Sebelum membaca sampe abis, gua minta maaf, karena postingan ini seharusnya di posting tanggal 25 kemaren. TApi karena ada kebakaran hutan, jadinya ke kota di tunda dulu, dan hari ini sempatnya. Juga minta maaf karena tulisannya gak begitu rapi. Maklum di warnet, males lama – lama. Terimakasih

Gimana kabarnya? Udah siap mudik semua? Atau masih dirumah aja karena belum ada yang ngajak nikah, eh mudik maksudnya.

Lebaran identik dengan mudik, dan sekarang adalah waktunya untuk mudik. Menikmati masa lebaran yang tinggal menghitung hari, baju baru udah dibeli, tapi hati masih aja kosong belum terisi.
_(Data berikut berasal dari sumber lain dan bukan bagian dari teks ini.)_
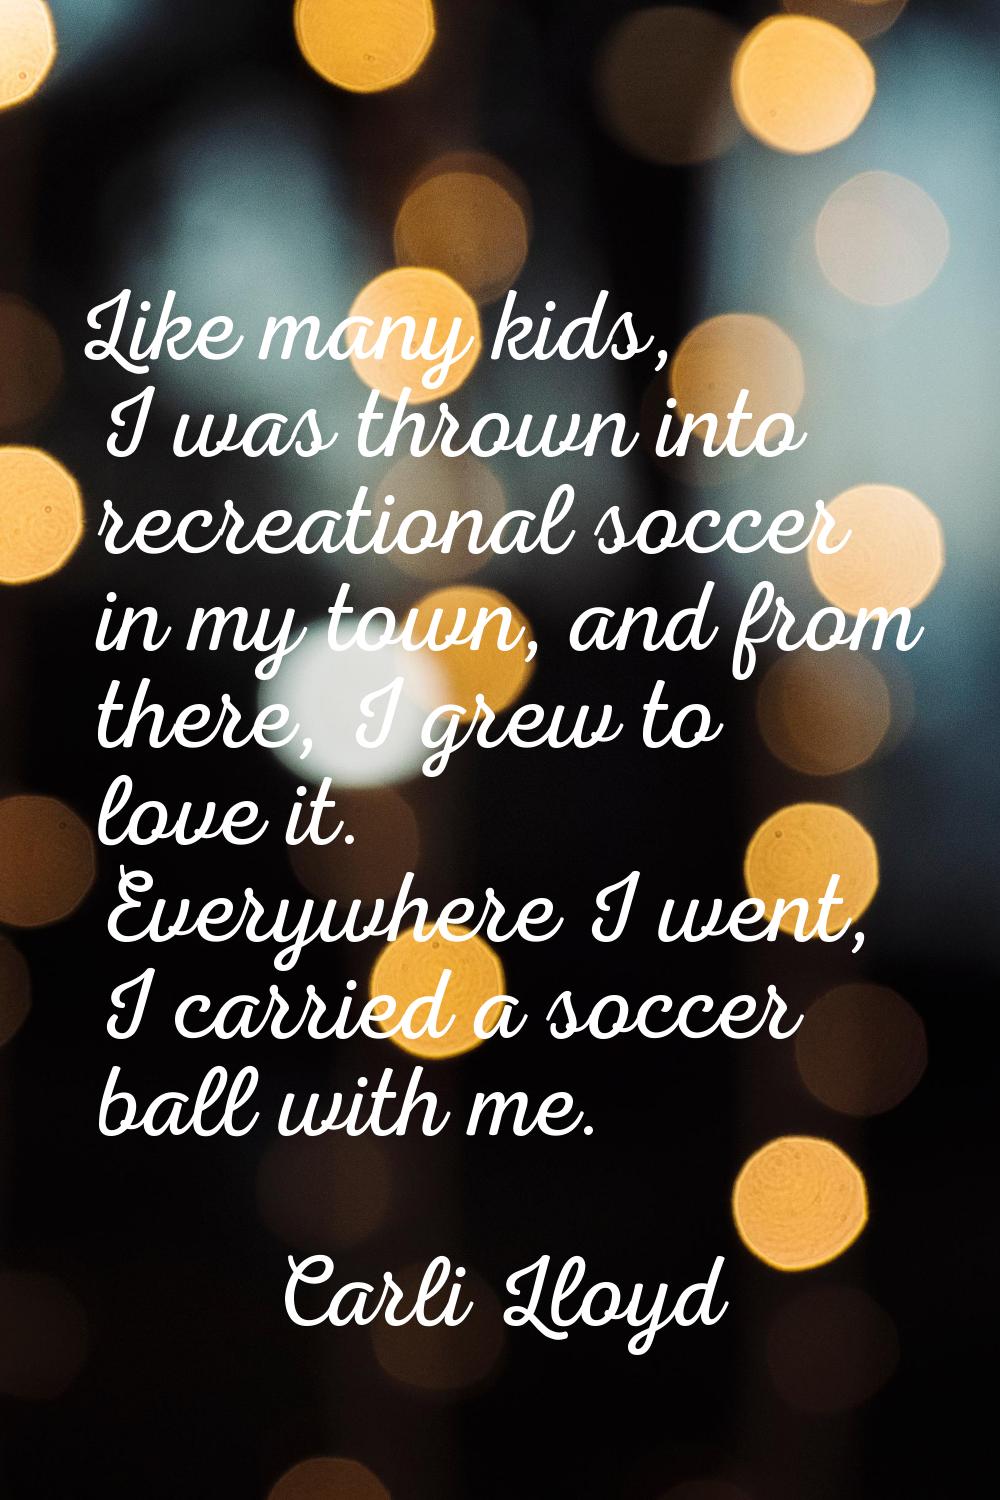 Like many kids, I was thrown into recreational soccer in my town, and from there, I grew to love it

Ah sudahlah, itu bukan urusan negeri ini.

Lebaran kali ini terasa biasa aja buat gua. Karena Melly pergi ke Sumbar, dan gua gak kemana – mana. Iya, gua masih dihati Melly. Kita pun LDR, dan dia seminggu di Sumbar katanya, semoga aja dia jujur, karena kalo gak jujur berarti dia bohong. Oke gak penting

Lebaran kali ini juga bertepatan sama namanya SBMPTN, dan tahun ajaran baru. Berarti kalian semua yang udah melakukan SBMPTN dan dinyatakan lulus dihati dosen cantik akan memulai debut pertama sebagai mahasiswa di kampus yang mau nerima kalian.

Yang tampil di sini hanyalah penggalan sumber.